How to complete this task:
For this exercise, repeat the whole listing below exactly. Leave the pictures out.

Data segment:
--

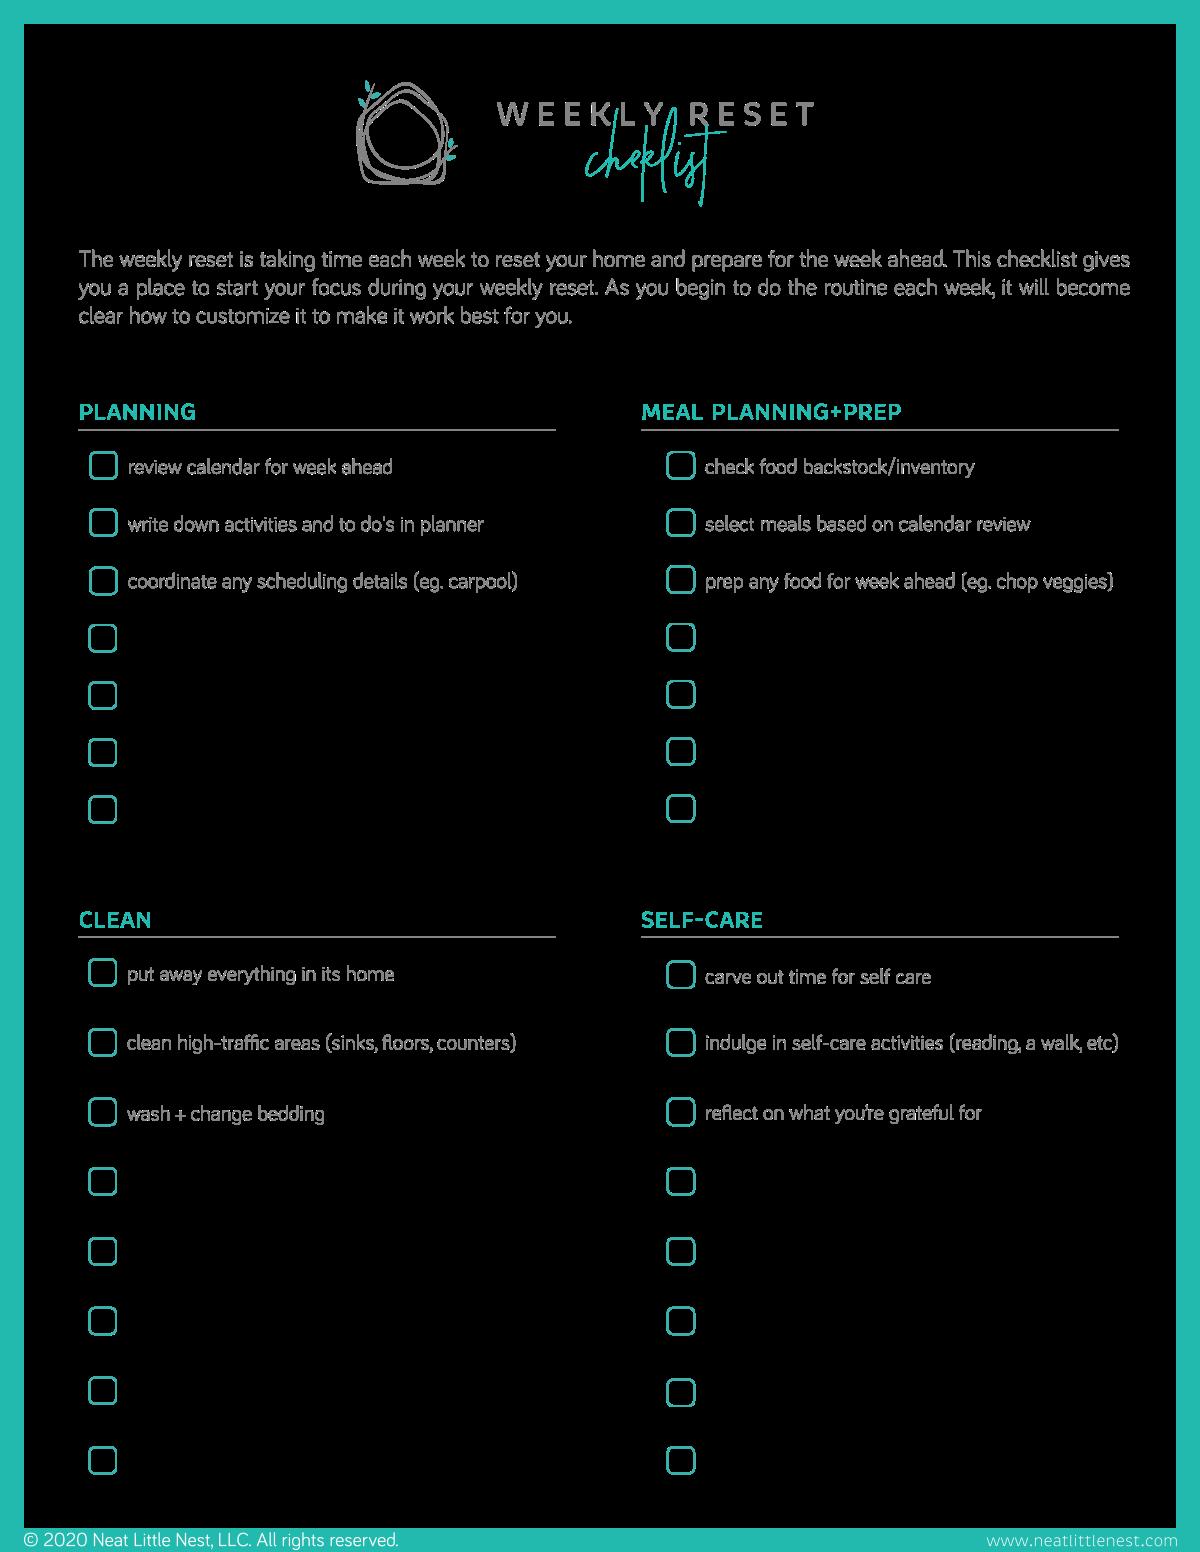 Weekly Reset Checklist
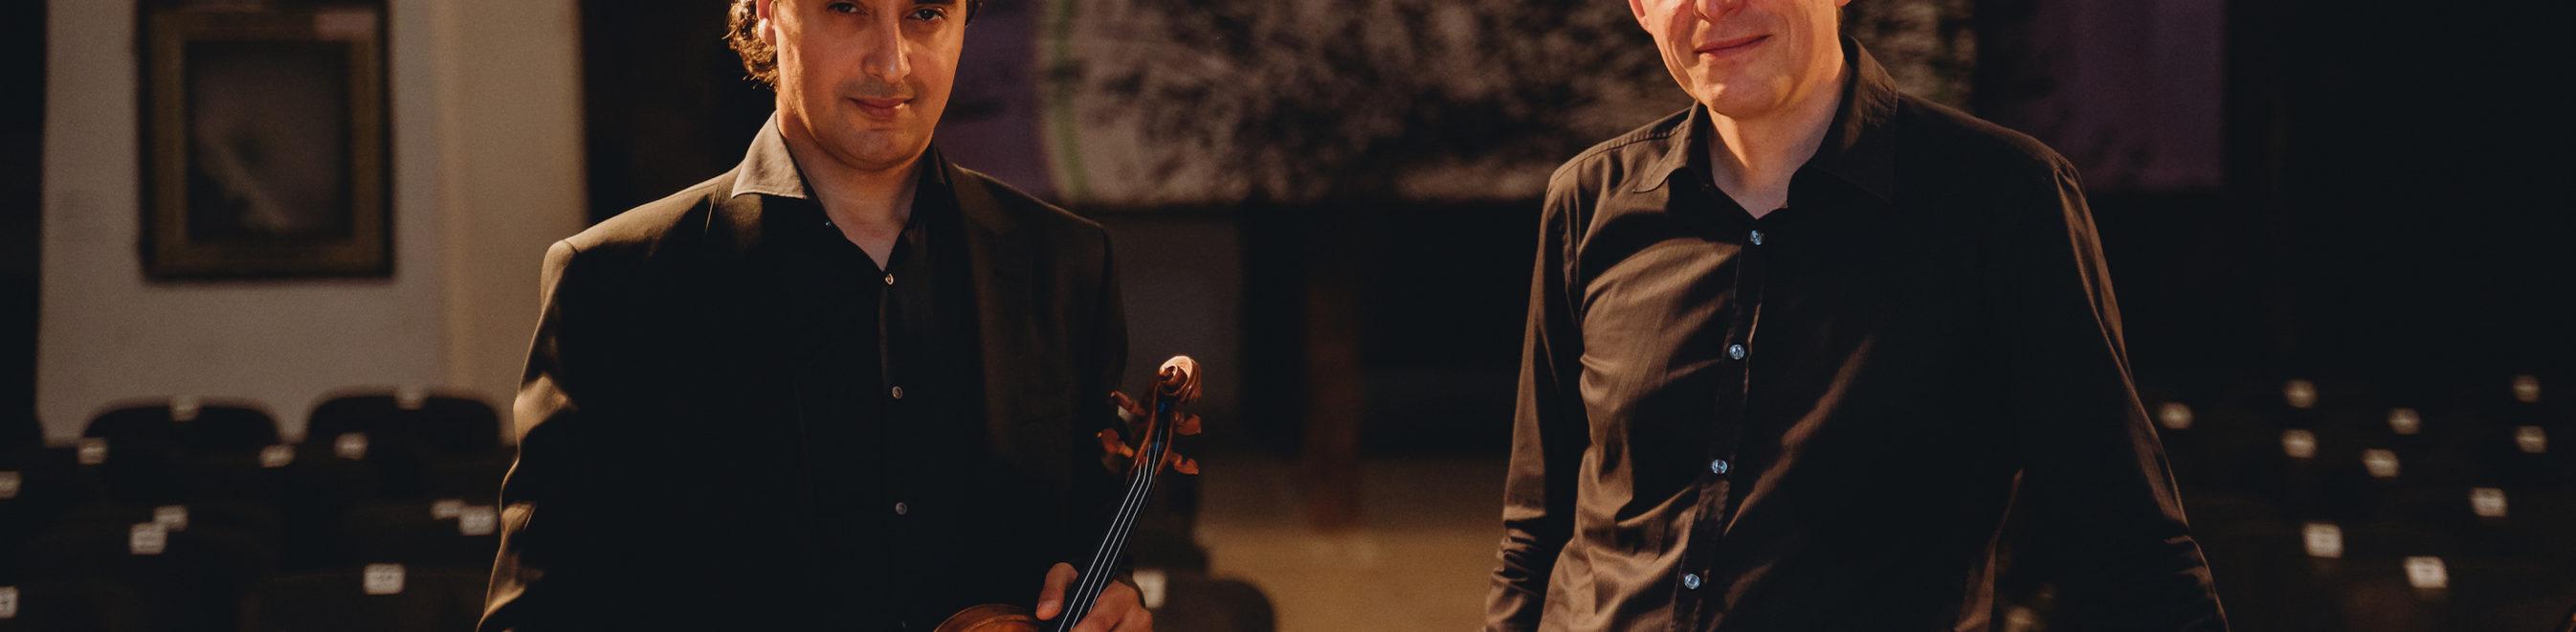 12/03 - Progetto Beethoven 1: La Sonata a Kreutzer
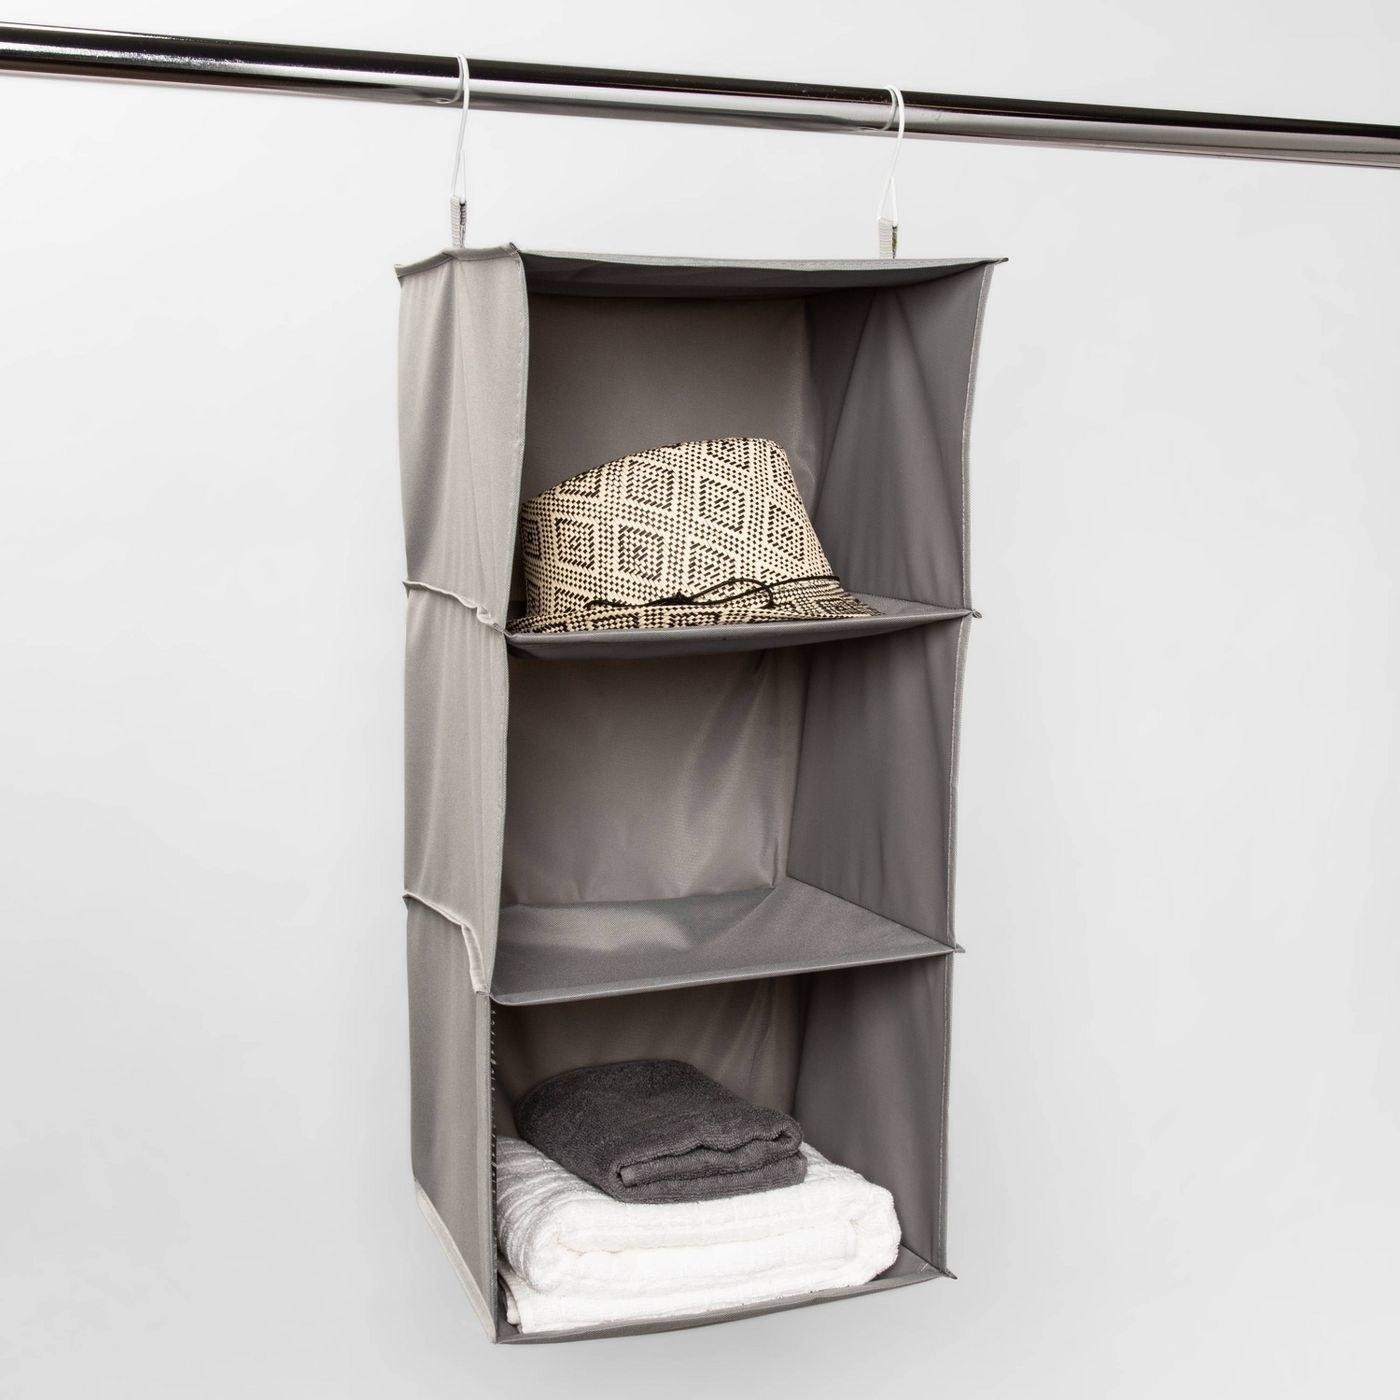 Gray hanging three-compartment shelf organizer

--

Problem solution:
 Weekly Reset Checklist
 12/03 - Progetto Beethoven 1: La Sonata a Kreutzer
 Gray hanging three-compartment shelf organizer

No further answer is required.